Whatever the outcome of this drama on which the whole country seems fixated, the concept of truth itself has become relativized and has become a word whose emptiness is filled by strident voices in opposition.  Pilate’s question to Jesus, “What is truth”, that cynical question, has no answer in the present toxic polarized state of this society.  And yet, as Christians, we believe that there is an answer to this question.  But it has nothing to do with lawyers and courts and editorials and media pundits and politicians.  For the Christian, truth is concrete in a person whose name is Jesus Christ.  And this truth is the ultimate truth, for it is the truth of God who is truth.  Without the lens of truth who is Christ, all is seen through the lens of the grey mass of opinion, prejudice and cynical manipulation. 

In this highly emotional and irrational atmosphere surrounding this Supreme Court nomination, the Catholic must be cautious not to deliberately or callously forget his or her obligation to truth in the name of getting someone on the Supreme Court who may overturn Roe v.
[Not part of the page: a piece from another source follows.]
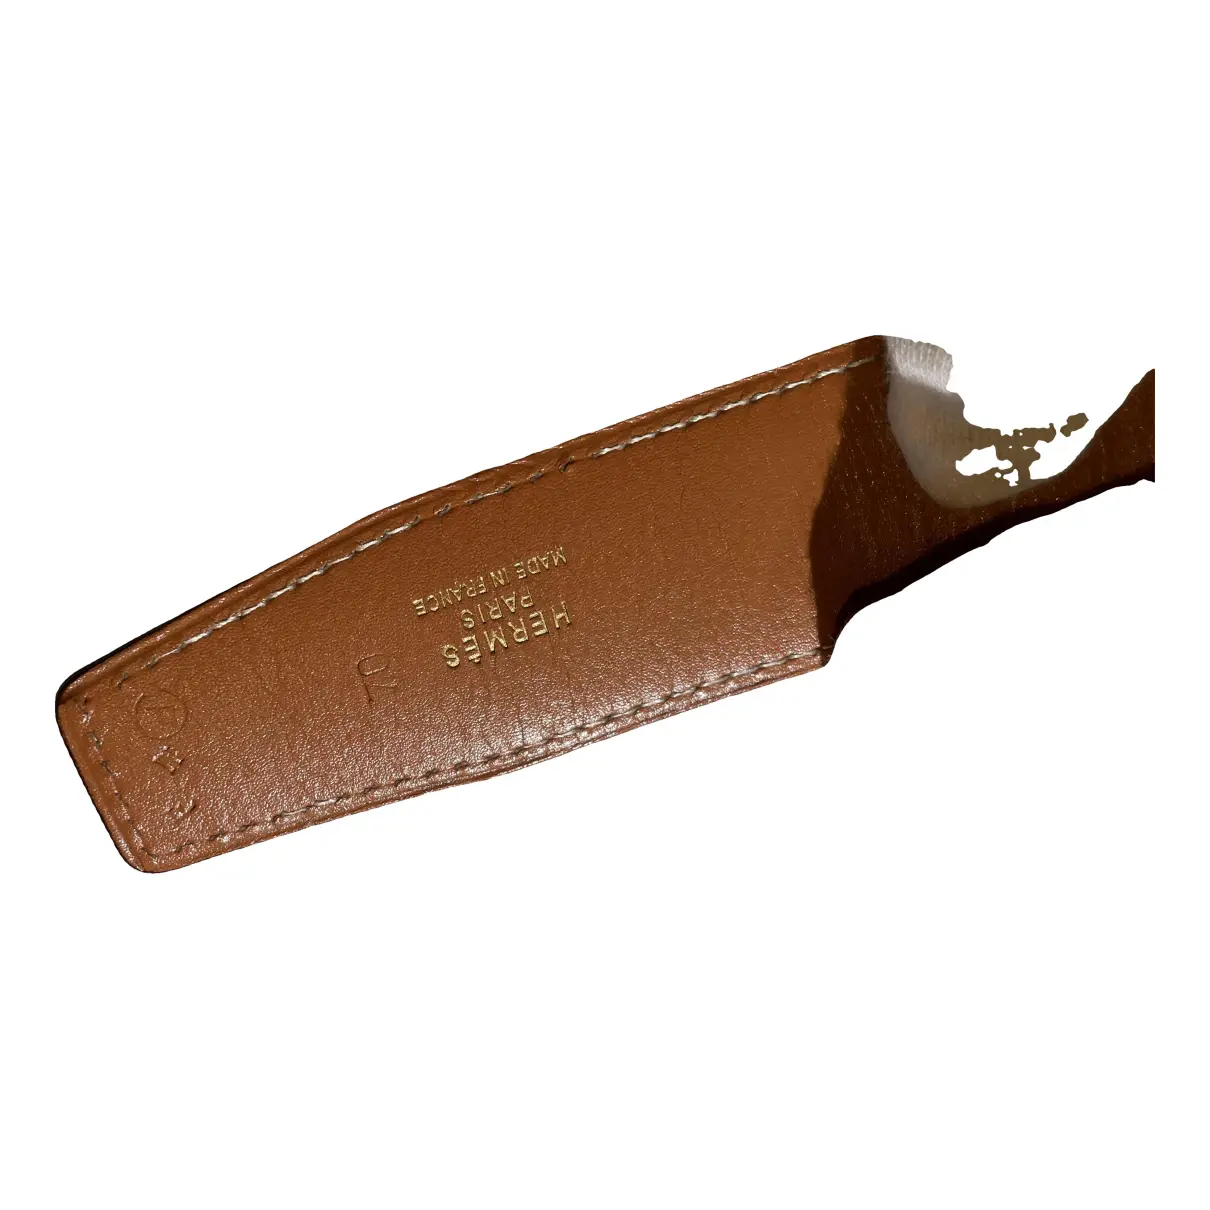 Buy Hermès Cuir seul / Leather Strap leather belt online

Wade.  This is easy to do when faced with the virulent opposition from the political left to the overturning of Roe v. Wade.  Quite apart from Dr. Ford’s personal claims of suffering gross injustice at the hands of a man, there can be no doubt that she is being used by those who see legal abortion as a woman’s right.  But the Catholic cannot mirror the pro-abortion frenzy to stop a conservative from being appointed to the Supreme Court by a frenzy that never stops to consider the role of truth in all of this.  St. Paul’s exhortation in today’s Epistle to the Ephesians must be pondered by each Catholic in this country today.  Those who irrationally and selfishly support the crime of abortion as a right, those who wash their hands cynically and ask, like Pilate, “What is truth?” have abandoned the quest for the truth of the matter, for truth for them is irrelevant.  It is not so for Catholics.  The truth about what happened or did not happen between Dr. Ford and Judge Cavanaugh may never come into the clear light of day.  A judgment then will have to be made on the basis of one’s conscience.  But this must not be confused with truth.  For the Catholic truth is not an idea.  It is a person, and his name is Jesus.